Заехав недавно к ней, чтобы забрать Себастьяна на выходные дни, я спросил ее, рассказывал ли я ей уже о несчастье, которое со мной приключилось. Этот вопрос не был запланированной акцией, мне вдруг стало интересно, как она среагирует на мое сообщение. Она спросила, что за несчастье, и серьезно посмотрела на меня. Еще было не поздно отказаться от этой затеи, которая могла спровоцировать открытую враждебность, если она почувствует, в каком злодействе я ее подозреваю. Ибо не только праведники восстают против обвинений – как раз именно злоумышленники часто отвергают все подозрения с обидой и негодованием (если, конечно, они не подкрепляются неопровержимыми доказательствами). Но я уже не мог заставить себя отказаться от этого маленького удовольствия – с какой стати я должен был щадить Аманду?

Помнит ли она, спросил я, что я собирался написать довольно большую повесть о мужчине и женщине, которые отдаленно напоминают нас с ней, – мы как-то уже говорили об этом. Она ответила, что я мог бы и не прикидываться овечкой: она не только помнит – она давно уже с горечью ждет появления этой повести. И я прекрасно знаю, продолжала Аманда, что она не в восторге от этого проекта и совсем ничего не имела бы против, если бы я по-рыцарски проявил великодушие и ради нее отказался от своей затеи; честно говоря, она даже надеялась, что я так и поступлю.

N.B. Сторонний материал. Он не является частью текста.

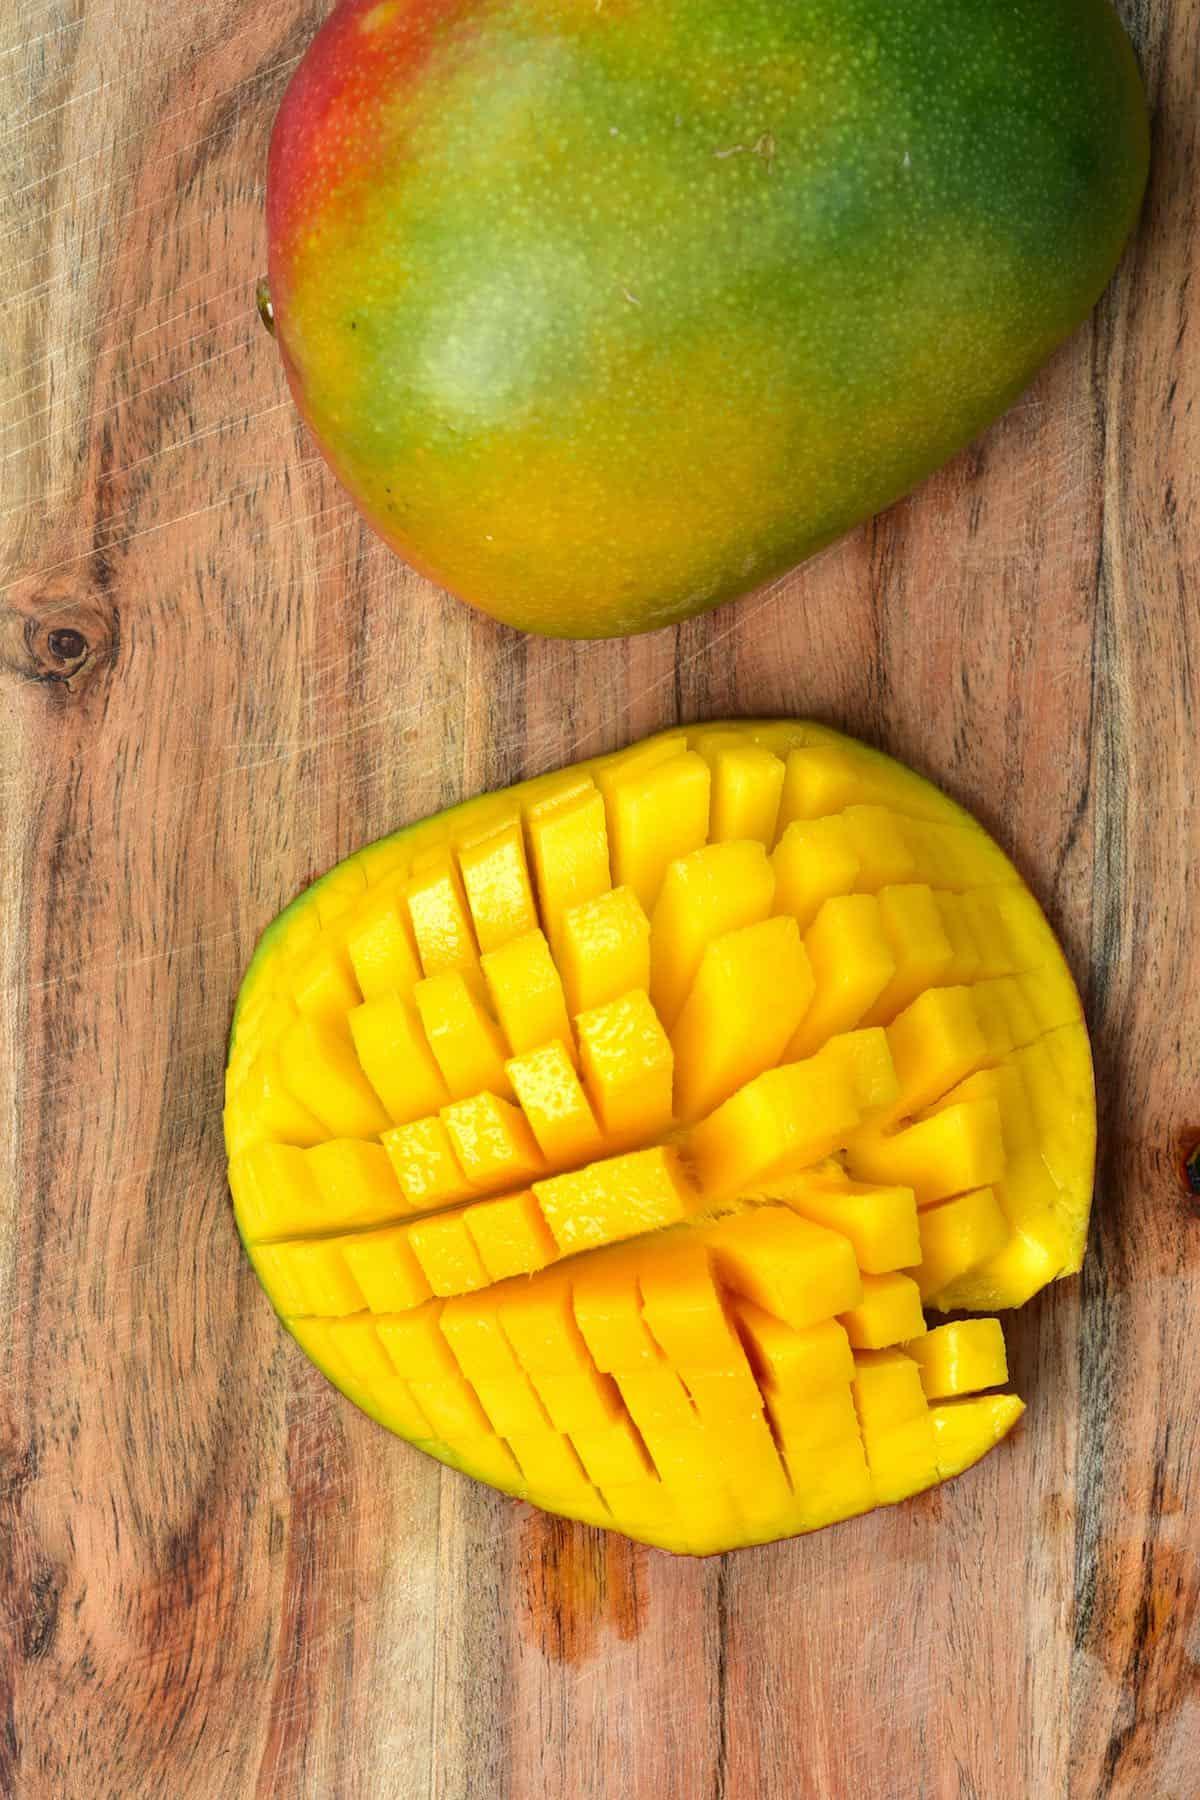 Diced mango on a wooden board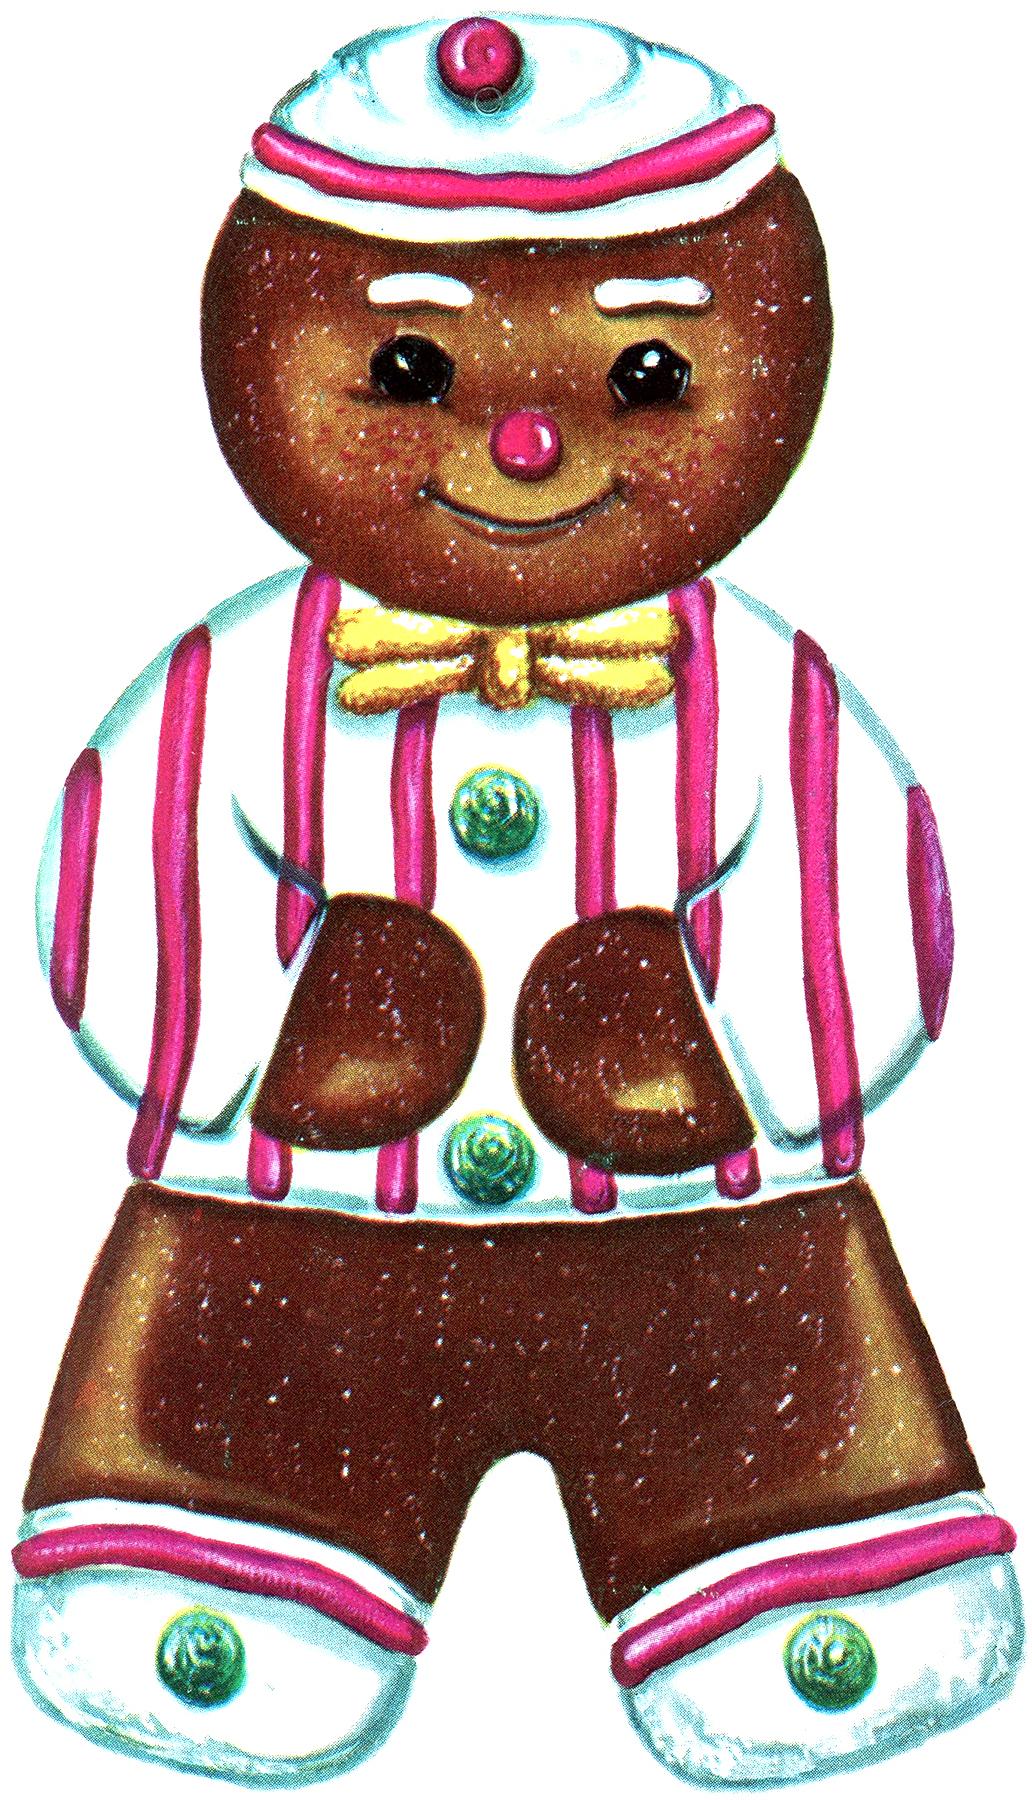 Printable Ornaments Gingerbread Man & Retro Bird - The Graphics Fairy

Ну можно ли представить себе более изощренную хитрость? Не моргнув глазом она связала оборванную нить своих старых упреков и вновь пошла в атаку, хотя предмета раздора больше не существовало. Впрочем, это уже вчерашний день, сказала она, – я ведь, кажется, начал говорить о каком-то несчастье? Неужели новелла не удалась?

Ее невозмутимость, ее безжалостный взгляд (в конце концов, речь ведь могла идти о несчастье, в котором даже я был бы достоин ее сочувствия), ее манера говорить и то, что она заранее была уверена, что ничего страшного не случилось, меня разозлили. Мне захотелось сорвать с нее эту маску спокойствия и невозмутимости, ответить ей какой-нибудь грубостью, смутить ее какой-нибудь дьявольской выдумкой, мне захотелось обратить ситуацию в свою пользу. Только не разыгрывать обиженного, подумал я, обижаться – значит лить воду на мельницу врага. Сколько можно сидеть нахохлившись, не отвечая на простой вопрос и при этом выглядеть хозяином положения?

Нет, ответил я, наконец новелла получилась вполне приличной, во всяком случае по моей оценке; давно я уже не испытывал такого удовлетворения по поводу своей работы. (Это тоже было ошибкой, тоже прозвучало музыкой в ее ушах – ведь получалось, что ее злодейство вдвойне себя оправдало.) Но сначала один вопрос: могу ли я все же узнать причину того, что она так страстно отвергает текст, которого даже в глаза не видела и в котором, однако, изображена гораздо достойнее, чем, вероятно, себе представляет? Это была единственная возможность совершить маленькое коварство, в последний момент пришедшее мне в голову: хоть что-нибудь услышать о мотивах преступления, не принуждая преступника к официальному признанию своей вины.

Причина очень проста, ответила она не раздумывая. Как я уже, вероятно, заметил за годы нашей совместной жизни, она никогда не страдала склонностью к эксгибиционизму. Ей постоянно приходилось преодолевать в себе чувство застенчивости, может быть даже гипертрофированное. Вполне возможно, что оно мешало ей и писать. Во всяком случае, у нее нет ни малейшего желания, чтобы на нее глазели, как на обезьяну в зоопарке, она не желает быть предметом интереса, в котором видит не живое участие, а откровенный вуаеризм. (Я вспомнил, как мы с ней однажды сидели в летнем открытом ресторане и Аманда все жаловалась, что на нее «пялится» один из посетителей. Я посоветовал ей не обращать на него внимания, она красивая женщина, а этот болван – мужчина; в конце концов, это же не больно – когда на тебя «пялятся». Я даже запомнил ее ответ: «Много ты в этом понимаешь!» Дело кончилось тем, что мы сначала поменялись с ней местами, а потом и вообще ушли, поскольку ей мешал его взгляд даже со спины. В то же время она иногда совершенно спокойно относилась к тому, что на нее так же неотрывно смотрели другие мужчины.) Тем более, продолжала она, что мы живем в необыкновенной стране, где все запрещенные писатели – сплошь знаменитости и, конечно же, вызывают похотливый интерес публики. И страна эта такая маленькая, что все друг друга знают. В довершение ко всему в этой стране особой популярностью пользуется искусство видеть за каждым словом скрытый, «истинный» смысл. Так что она рискует стать объектом глумливых усмешек как бы я ни назвал ее в своей повести – Эсмеральдой или еще как-нибудь иначе.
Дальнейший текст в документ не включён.